All in all, this will be the Chicken Little moment for Vets. Either the sky is falling as the VCS has unarguably pointed out-or it isn’t and its just a “perception” problem. When a Veteran has to wait 89 days to see a mental health expert and chooses to end his life while waiting, I submit the sky is falling. When 18 Veterans a day chose this option because they have lost their ability to “perceive a solution” then I, too, submit that it is time for the Court to intercede on their (and our) behalf and correct this injustice. The alternative is too egregious to be allowed to continue.

http://www.ca9.uscourts.gov/media/ Third case down on the docket.

About asknod

VA claims blogger
This entry was posted in Fed. Cir. & Supreme Ct. and tagged , , . Bookmark the permalink.

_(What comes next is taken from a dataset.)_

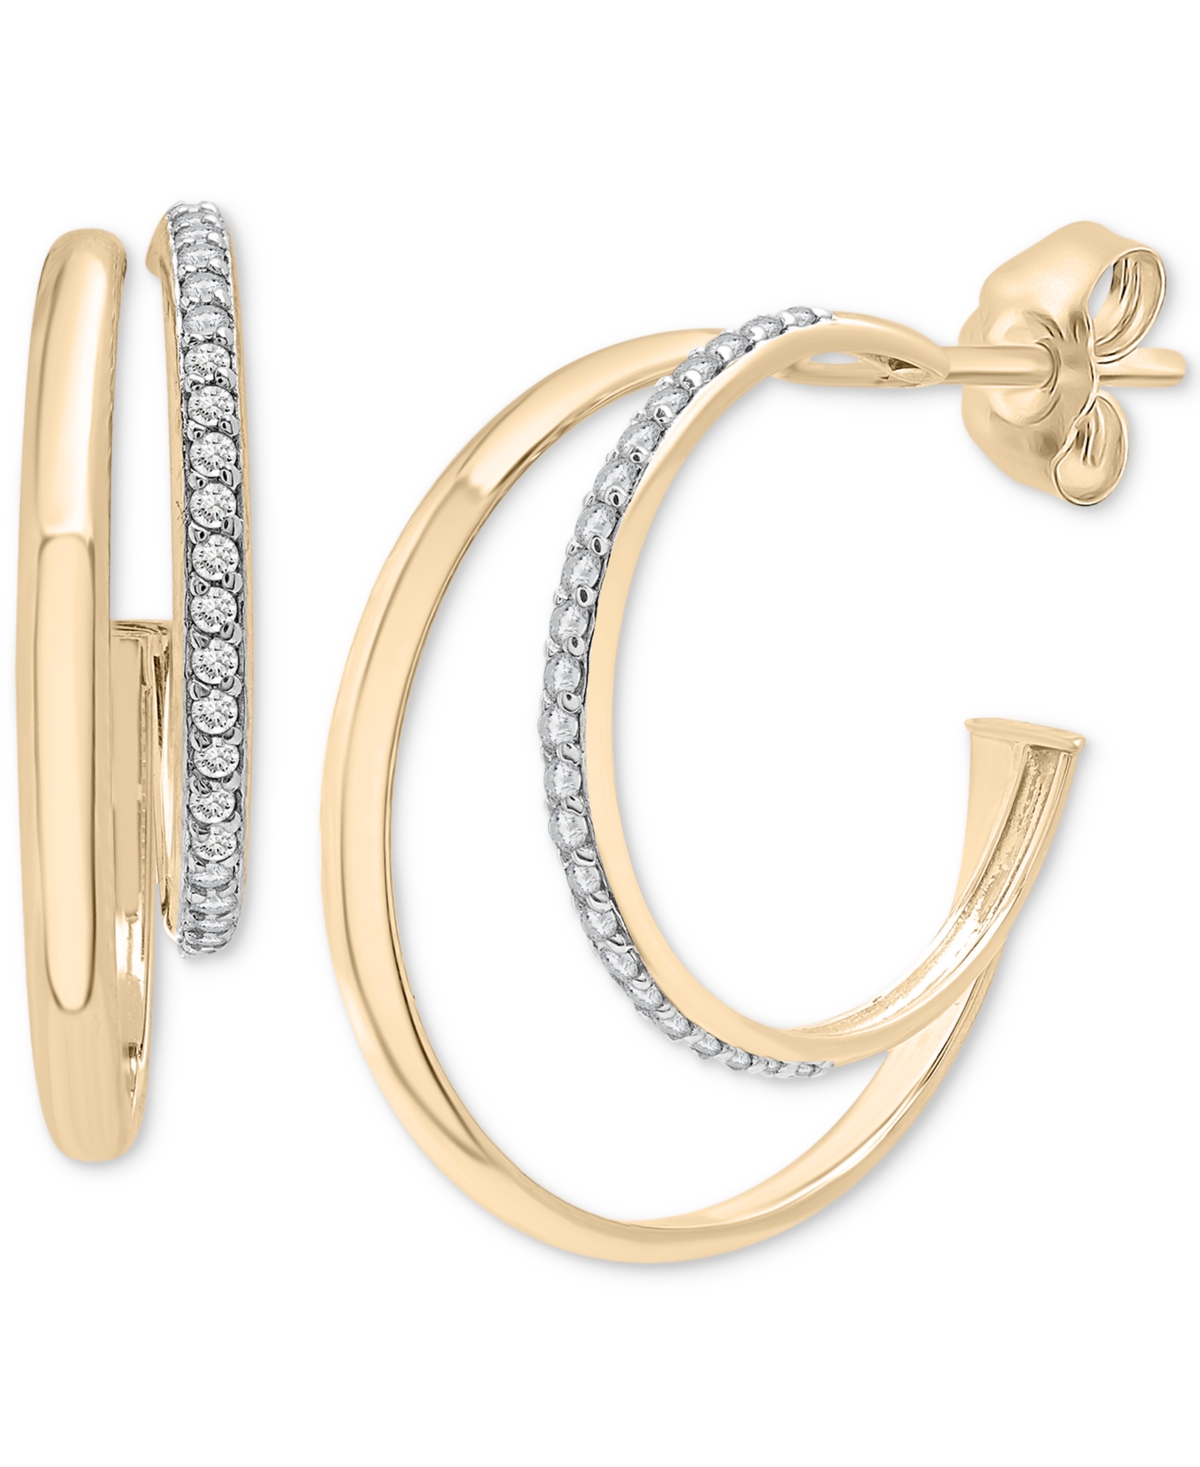 Diamond Double Small Hoop Earrings (1/4 ct. t.w.) in Gold Vermeil, Created for Macy's - Gold Vermeil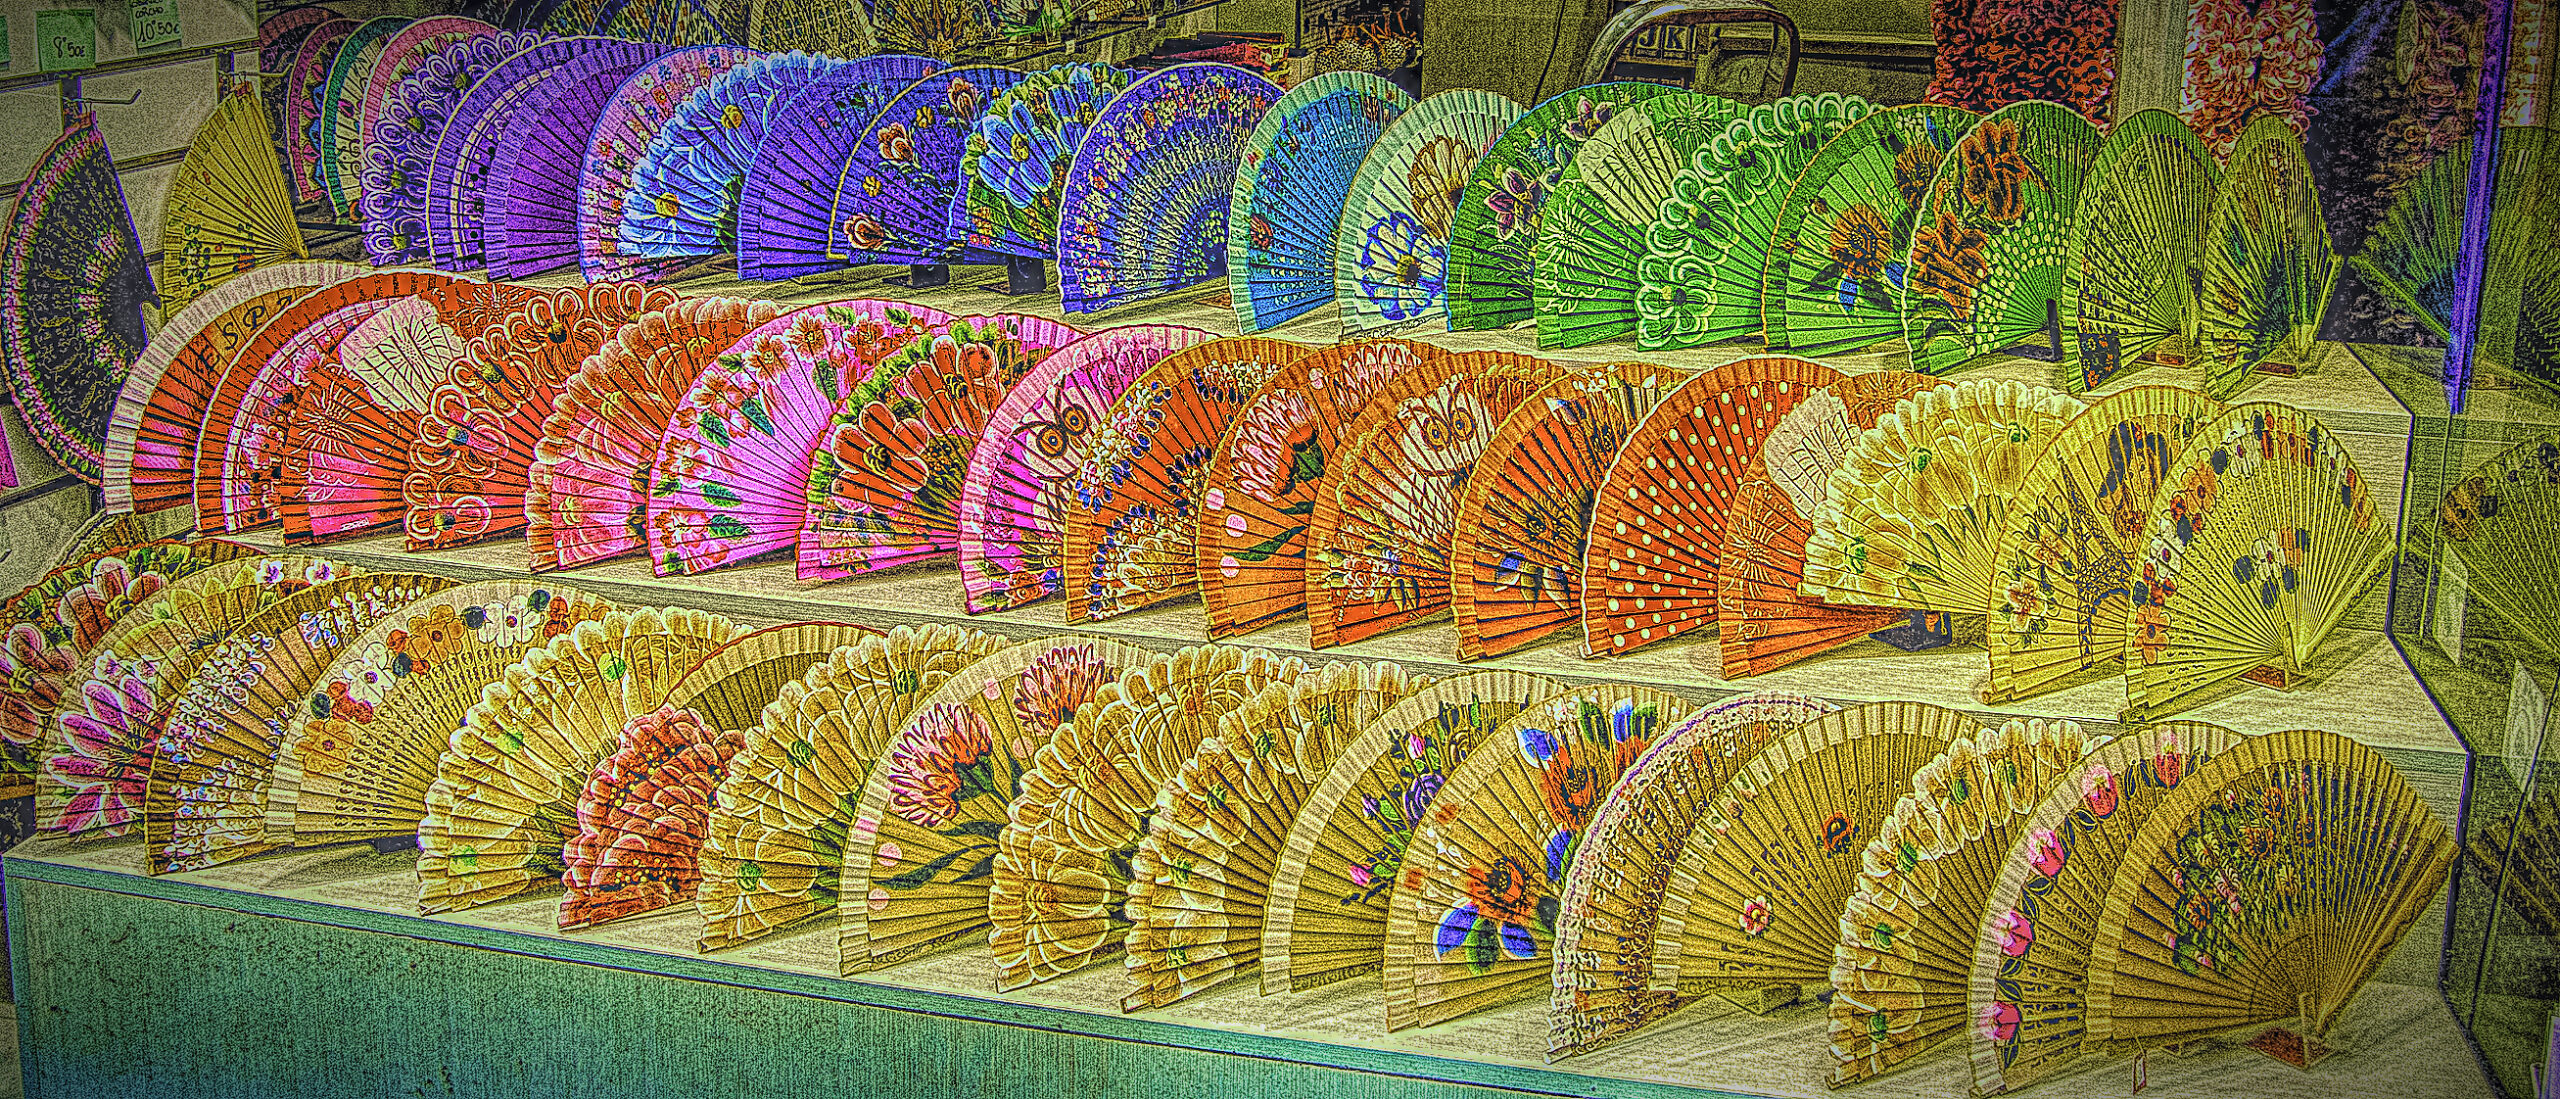 Colorful fans in the window of a store in Seville, Spain

1 Response to 9TH CIR.–VCS v. PEAKE et al

  1. Randy Nesbitt says:

    In your article you mentioned waiting for 89 days to see a mental health expert. This is but one of the many delays that are brought forth each and every day. One has but to look at the numbers of veterans who are now deceased due to the effects of Agent Orange who were denied help due to the fact that the VA denied there was any correlation or causal effect. It was not until 2011 that the Vets were finally heard and assistance forthcoming. Once again it is a system borne of the, “too little too late” category. The practice continues each and every day be it in the court system or within the DRO offices. It appears that once the wounded and afflicted have a lesser voice due to dwindling numbers then it is OK to spend the resources to help the remaining few. How many of those trying to find the correct path have actually seen combat or even worn the uniform?